Huanchaca street scandal
- Date: November 12, 1978
- Time: 0:10
- Location: 352 Huanchaca Street, Antofagasta; 23°38′27″S 70°23′32″W﻿ / ﻿23.64083°S 70.39222°W;
- Also known as: «Escándalo de la calle Huanchaca»
- Type: Police raid
- Motive: Transvestite party

= 1978 Huanchaca street scandal =

The Huanchaca street scandal was a raid that took place on 12 November 1978 in the Chilean city of Antofagasta. A party was taking place, and 13 people were arrested, including seven men who were transvestites. The location was the same as a raid in June 1969 that involved members of the club known as "El Anillo Rojo" (The Red Ring).

==History==
According to press reports at the time, on the night of 11-12 November 1978, a group of people gathered at the house located at 352 Huanchaca Street to celebrate a party to choose the "Queen of Spring" for the club "El Anillo Rojo", which was celebrating its anniversary that day. After complaints from neighbors about the loud music, around midnight a group of police officers went to the house and forcibly entered, arresting seven people who were dressed in women's clothing. Five 17-year-olds and one 16-year-old were also found at the location.

According to information provided by the Carabineros (Chilean police) to the local press, the house housed an illegal liquor store operated by Juan Androver, who was also arrested and fined for illegal possession and sale of alcohol. This information was denied by the residents of the house, who added that the raid and subsequent arrests were carried out without a warrant. The detainees were also charged with "offending public morals and decency" and "corruption of minors" due to the presence of 16- and 17-year-olds at the location.

The news, like the 1969 scandal, made national headlines and was reported by Santiago media outlets, such as El Cronista, which ran the headline "Freaky Party Discovered at the 'Red Circle'" (in Spanish: Descubren Fiesta de “Raros” en el “Círculo Rojo”), alluding to the club to which the detainees belonged and highlighting the similarities with the 1969 raid.
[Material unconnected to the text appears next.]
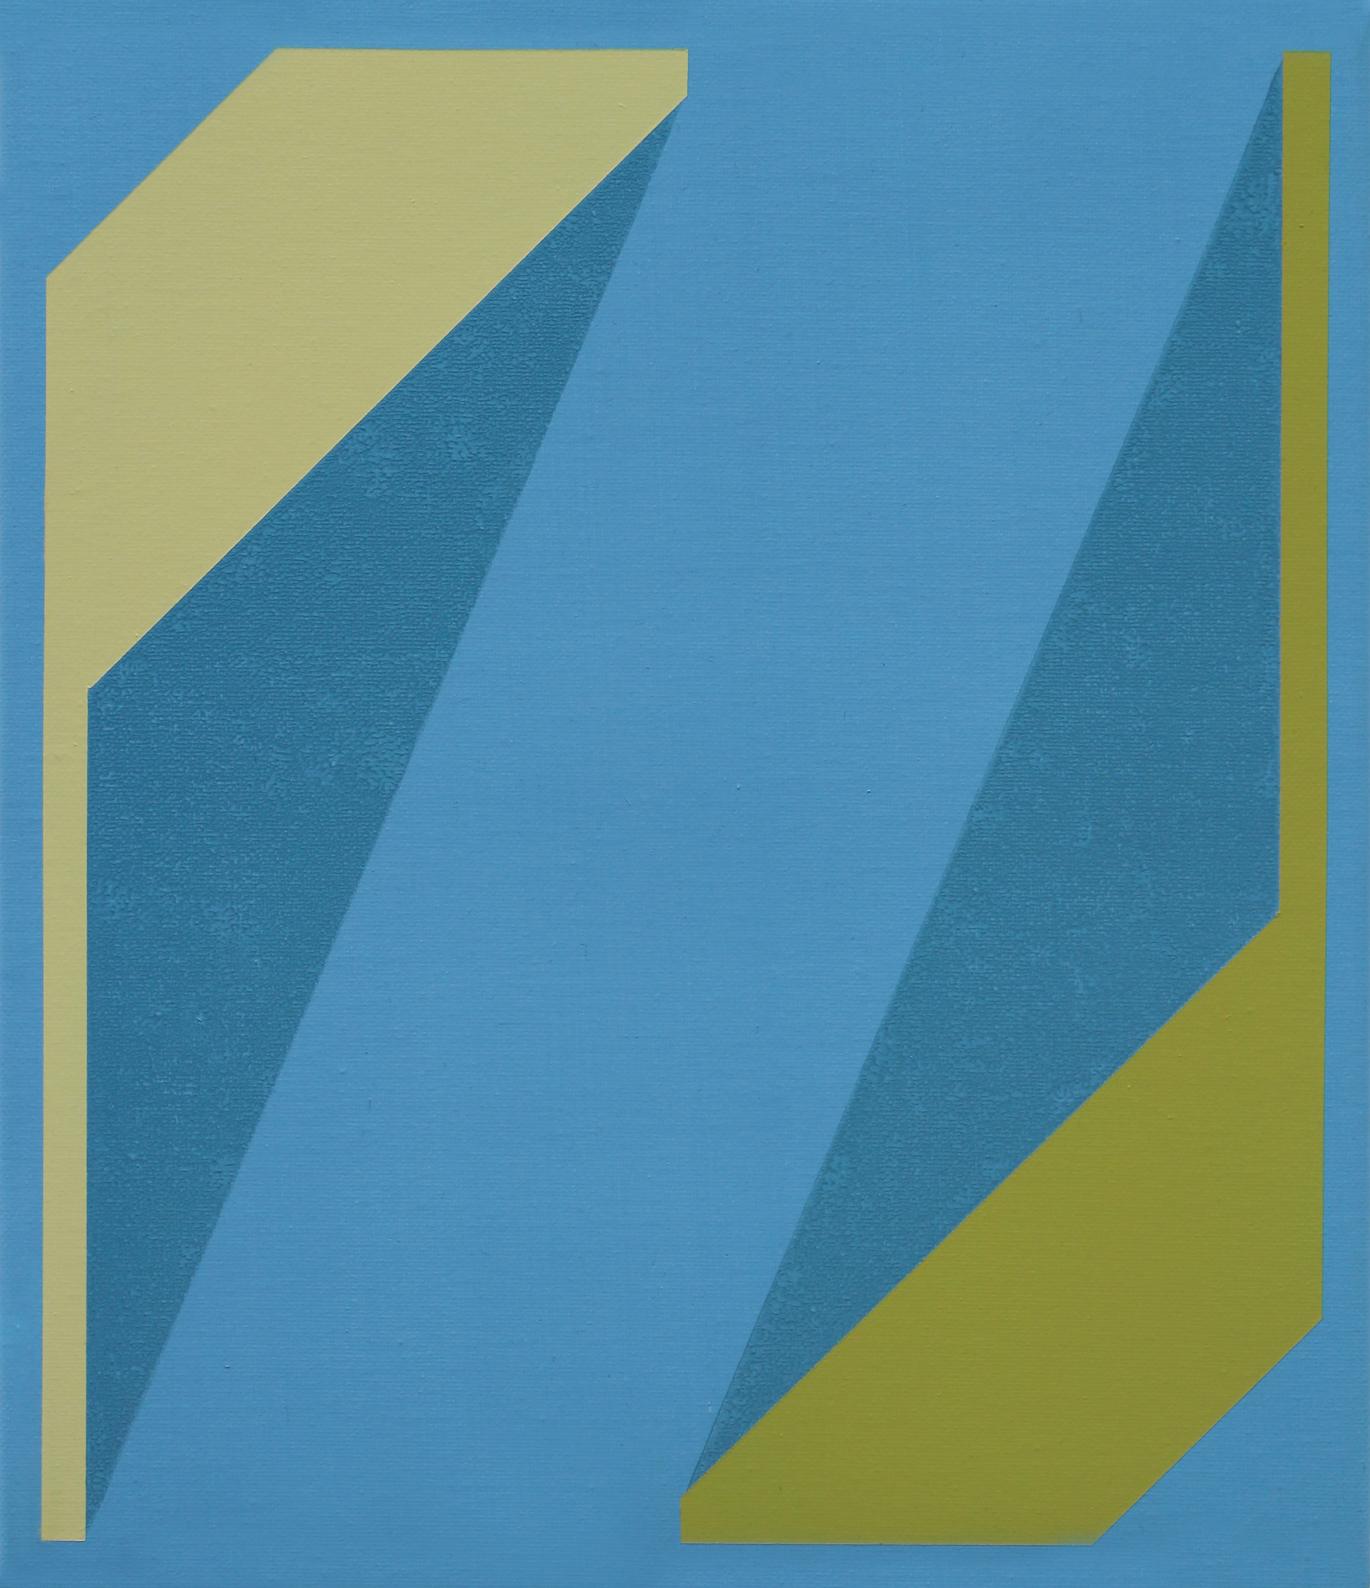 Untitled (Blue Green Mustard)

It was also mentioned that the block bounded by Huanchaca, Caracoles, Buenos Aires, and Valdivia streets was a regular meeting place for gay men in Antofagasta, and one of those arrested, according to El Mercurio de Antofagasta, explained the origin of the name "The Red Ring":

On 27 November 1978, the newspaper La Estrella del Norte published a note sent by a group of residents of Huanchaca Street in which they denied the reports about the scandal, stating that the party was merely a family birthday celebration, and asking for peace and quiet for the residents of Huanchaca 352, mentioning that they were not disturbing the peace of the neighborhood.